> [Problem to solve]
Look in the data below for the line that has "Souvenir Baseball Cap", then print exactly every line from there through the line that has "Tengkorak Bajak Laut, Tengkorak", leaving pictures out.

> [Excerpted data]
++++++++
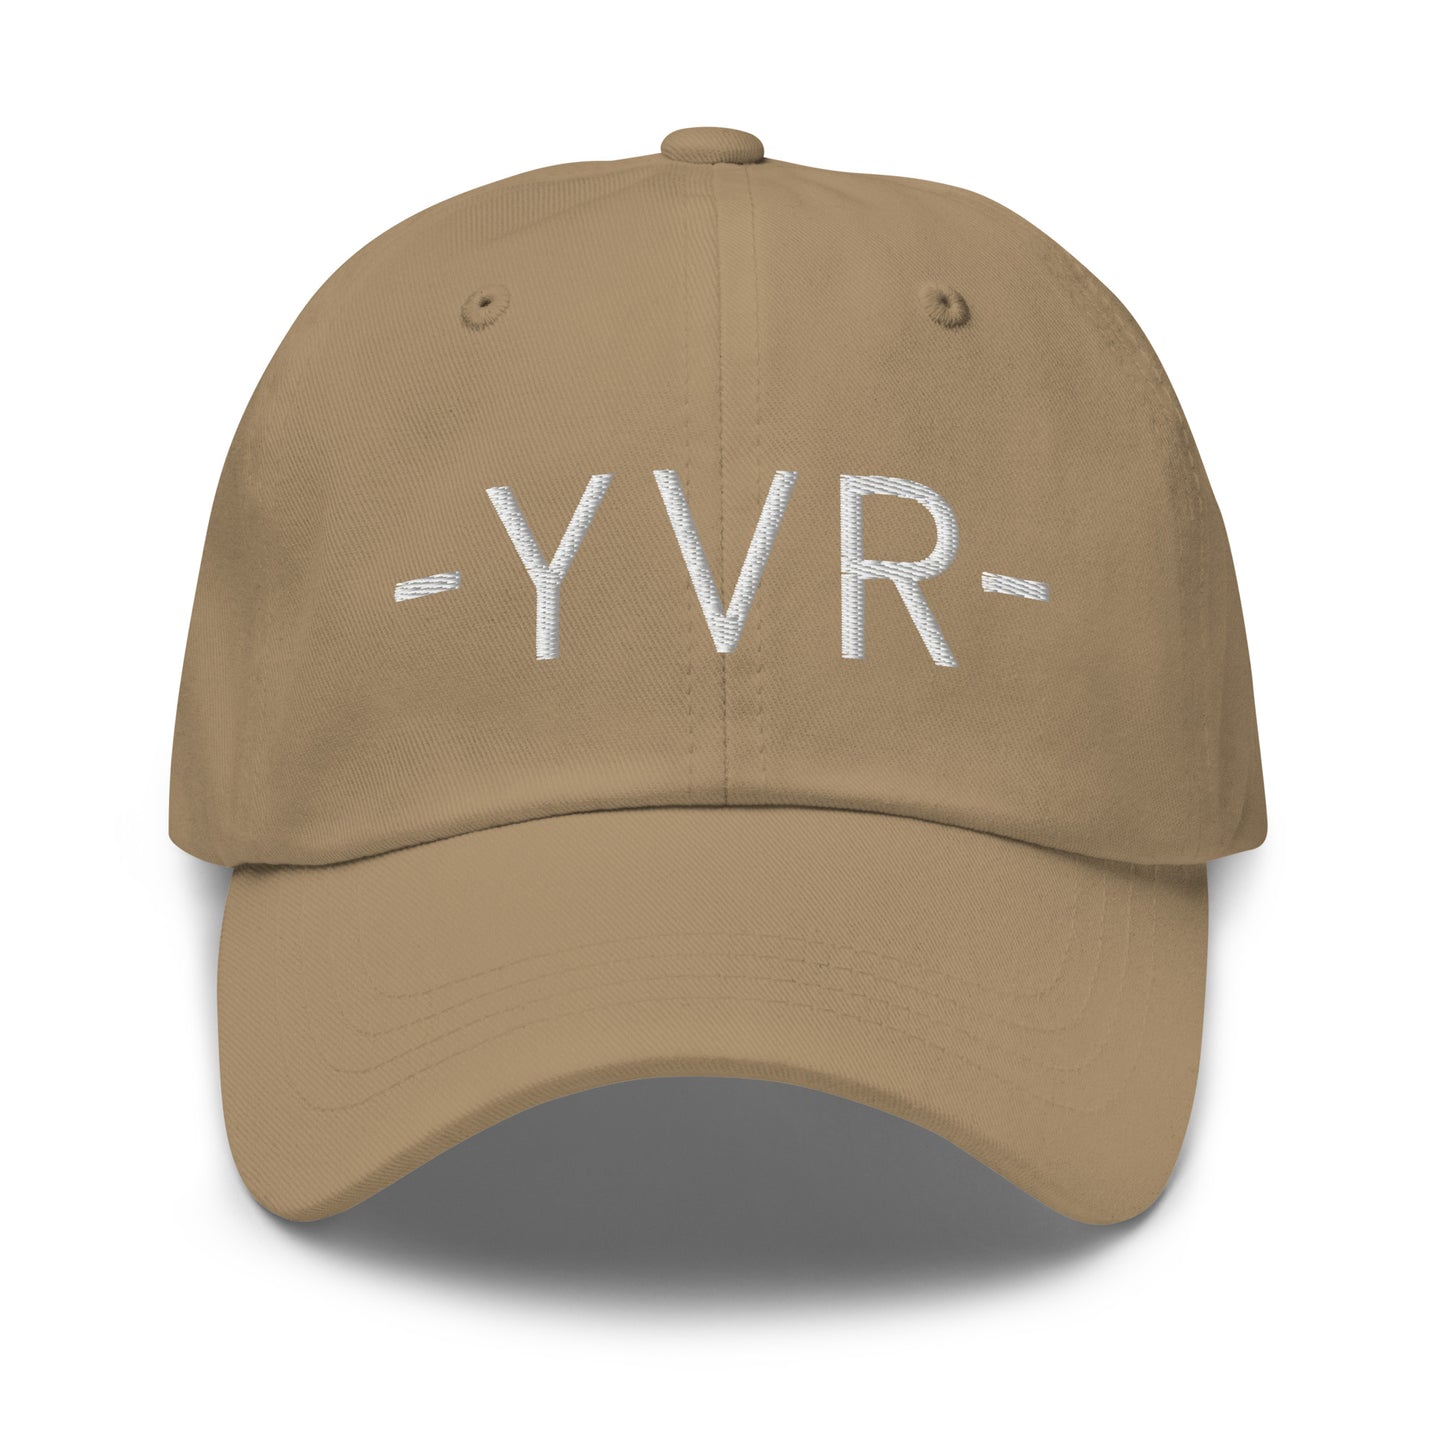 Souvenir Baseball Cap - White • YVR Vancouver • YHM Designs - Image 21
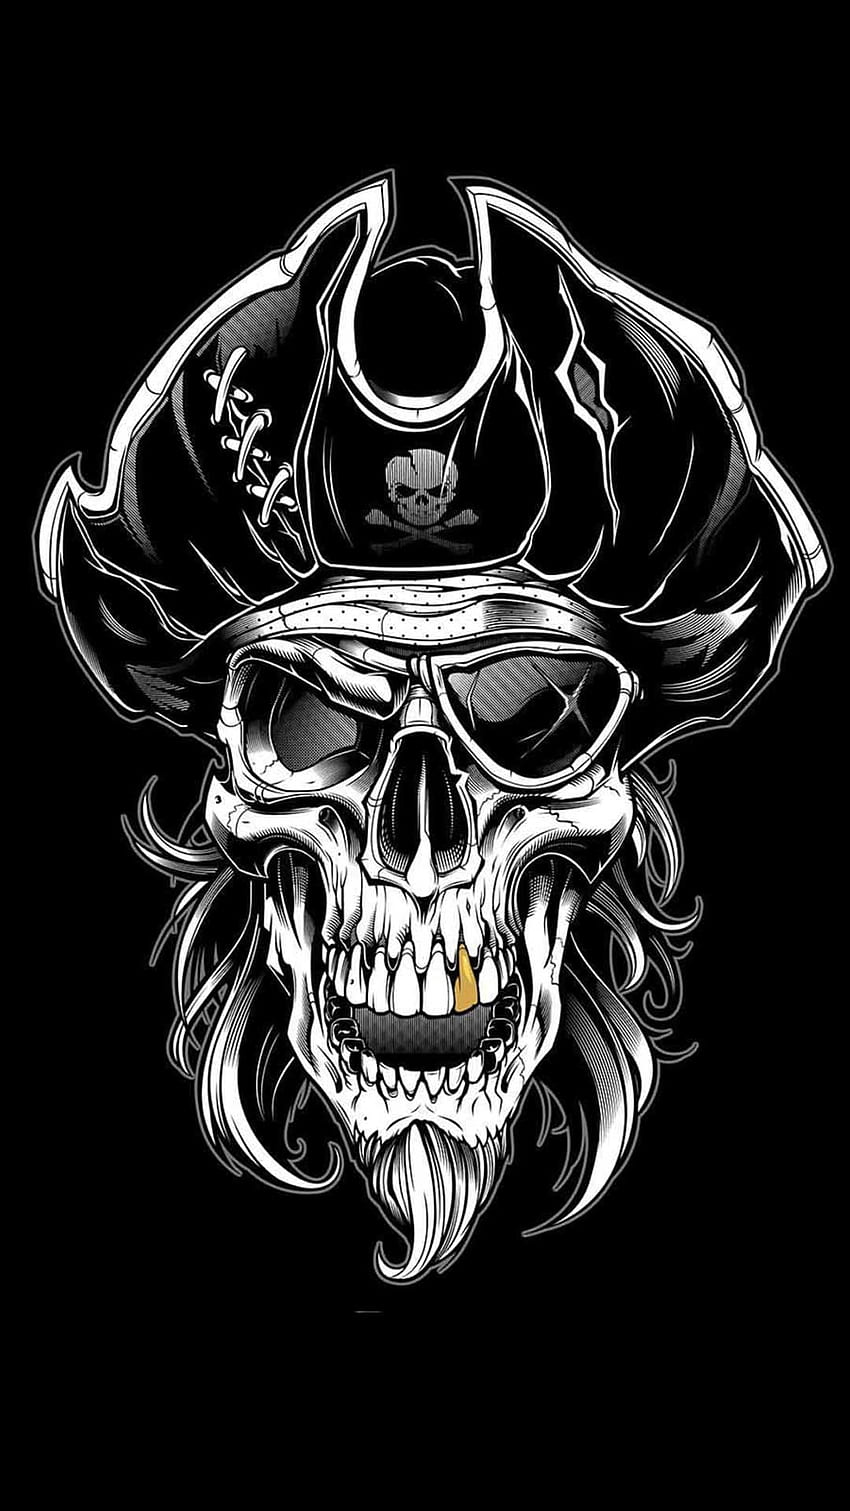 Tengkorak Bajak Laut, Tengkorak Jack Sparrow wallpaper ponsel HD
++++++++
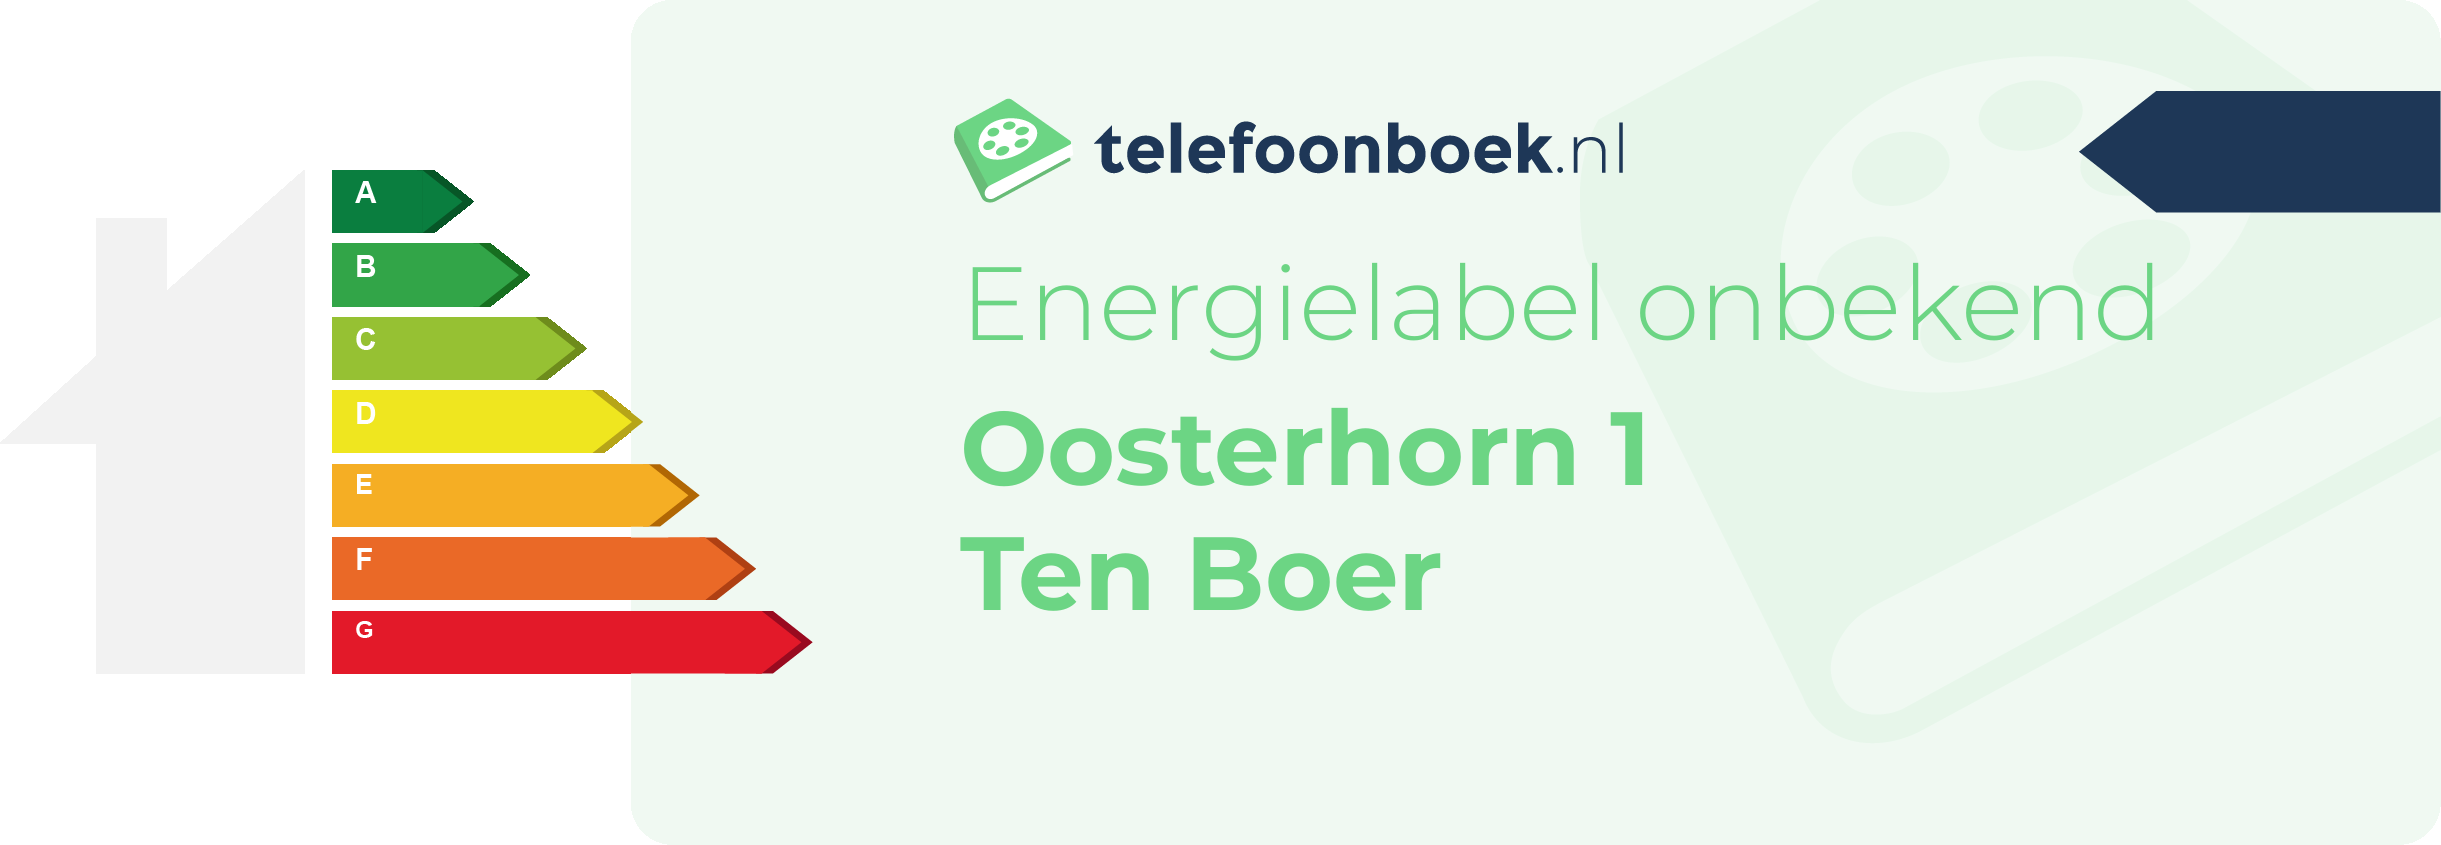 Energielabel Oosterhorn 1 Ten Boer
++++++++
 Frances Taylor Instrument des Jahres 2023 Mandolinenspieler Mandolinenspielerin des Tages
++++++++
> [Solution to this task]
 Souvenir Baseball Cap - White • YVR Vancouver • YHM Designs - Image 21
 Tengkorak Bajak Laut, Tengkorak Jack Sparrow wallpaper ponsel HD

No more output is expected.